◆ EXERCISE PROMPT: Please give back, word for word, only the lines starting at the one containing "咖啡机产品拍摄/电商摄影/锐图商业摄影" and ending at the one containing "emlyon_inst-intrapreneuriat" within the material below.

··· RECORDED INFORMATION

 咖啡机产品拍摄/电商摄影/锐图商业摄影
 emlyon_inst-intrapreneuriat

······
··· RECORDED INFORMATION

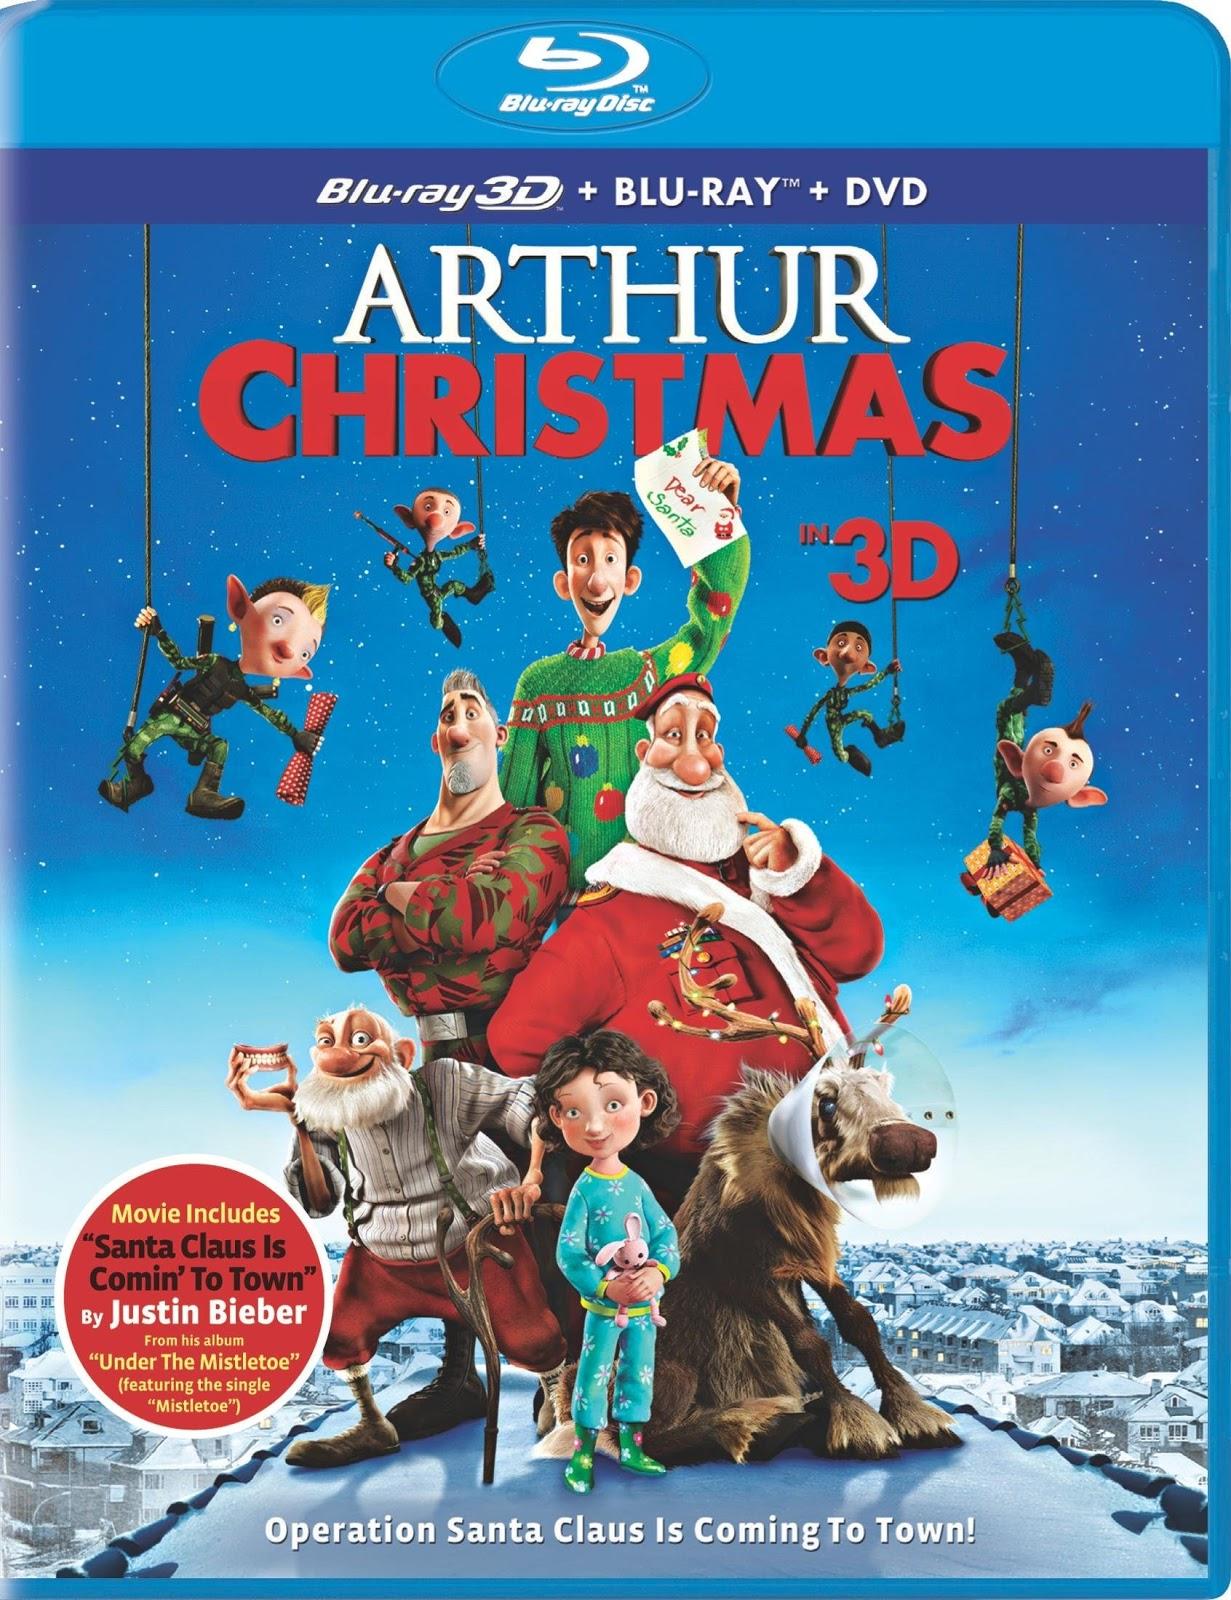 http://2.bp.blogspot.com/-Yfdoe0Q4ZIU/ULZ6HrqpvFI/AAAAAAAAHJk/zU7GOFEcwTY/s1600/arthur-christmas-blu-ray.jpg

······
··· RECORDED INFORMATION

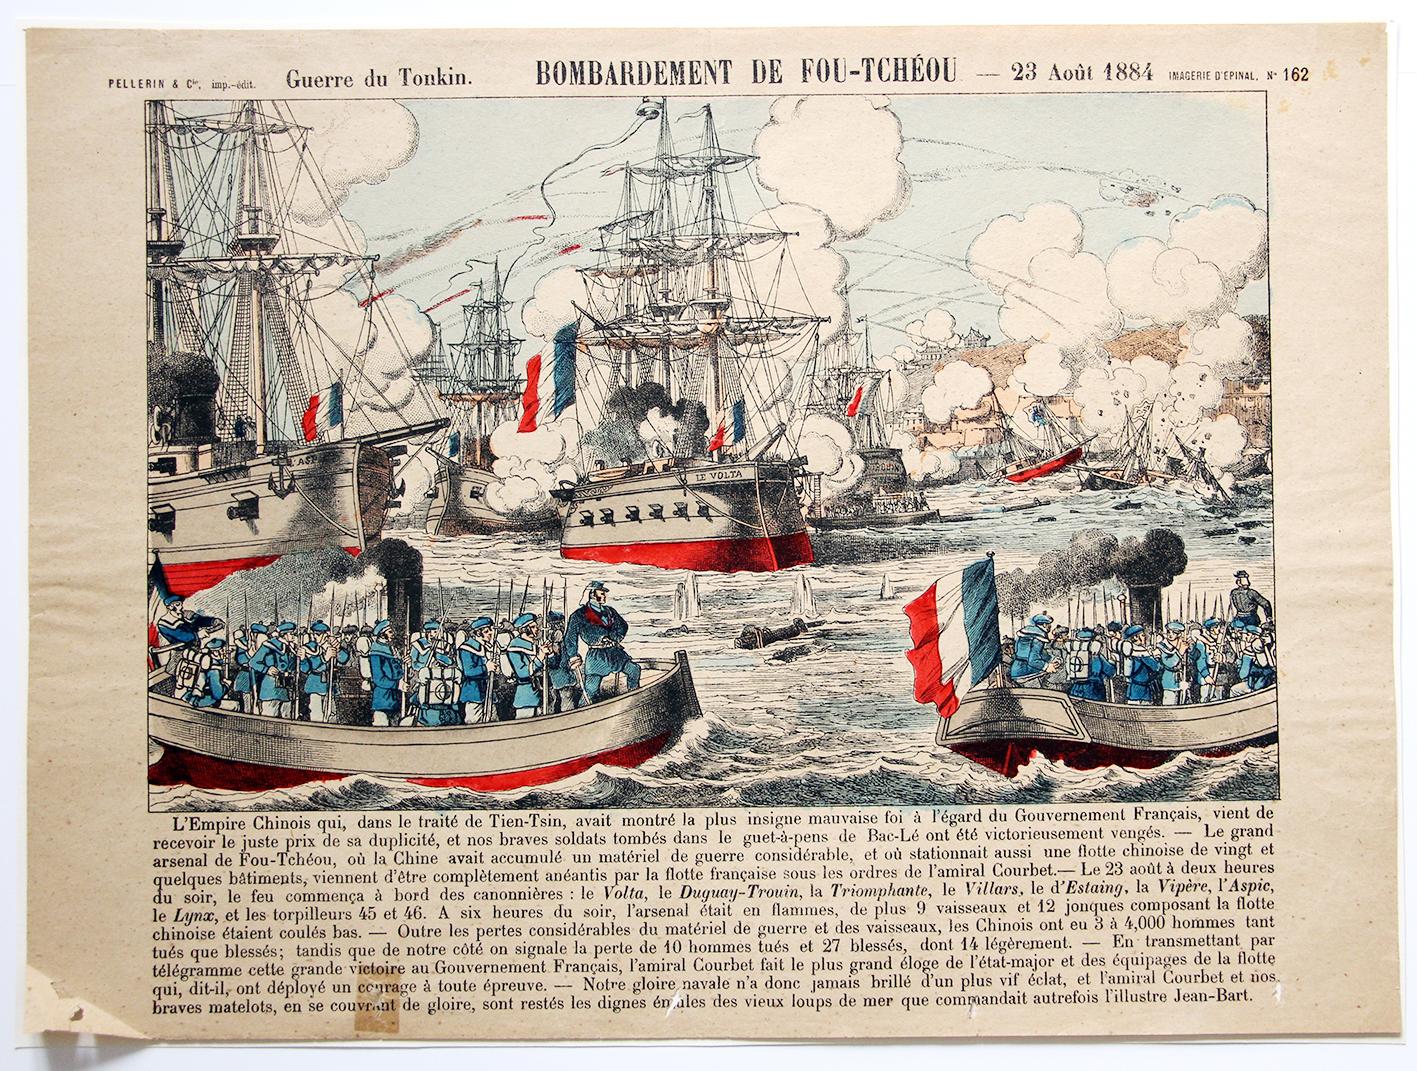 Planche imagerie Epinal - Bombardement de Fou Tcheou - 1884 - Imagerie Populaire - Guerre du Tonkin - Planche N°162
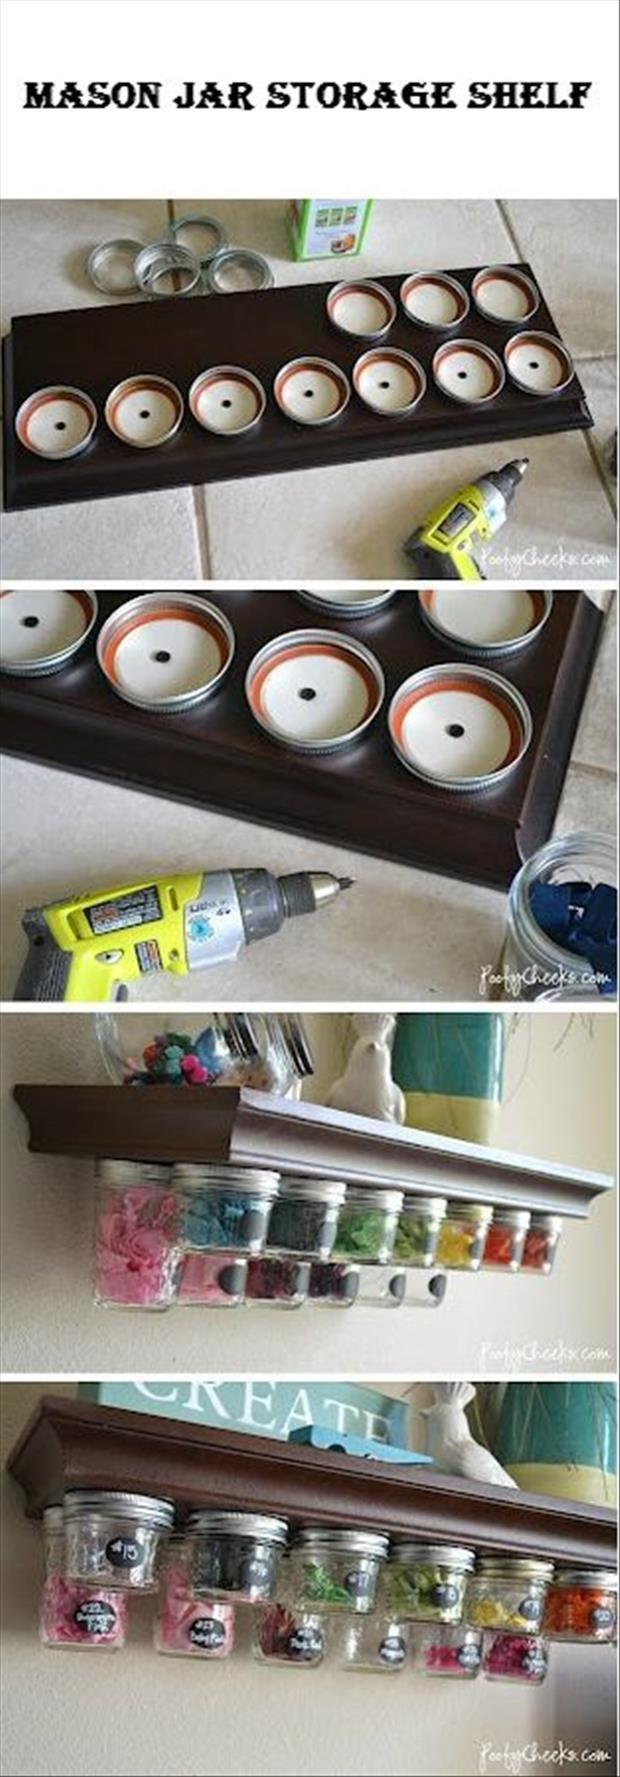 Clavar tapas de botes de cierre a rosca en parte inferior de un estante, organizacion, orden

······

◆ SOLUTION BELOW:
 咖啡机产品拍摄/电商摄影/锐图商业摄影
 emlyon_inst-intrapreneuriat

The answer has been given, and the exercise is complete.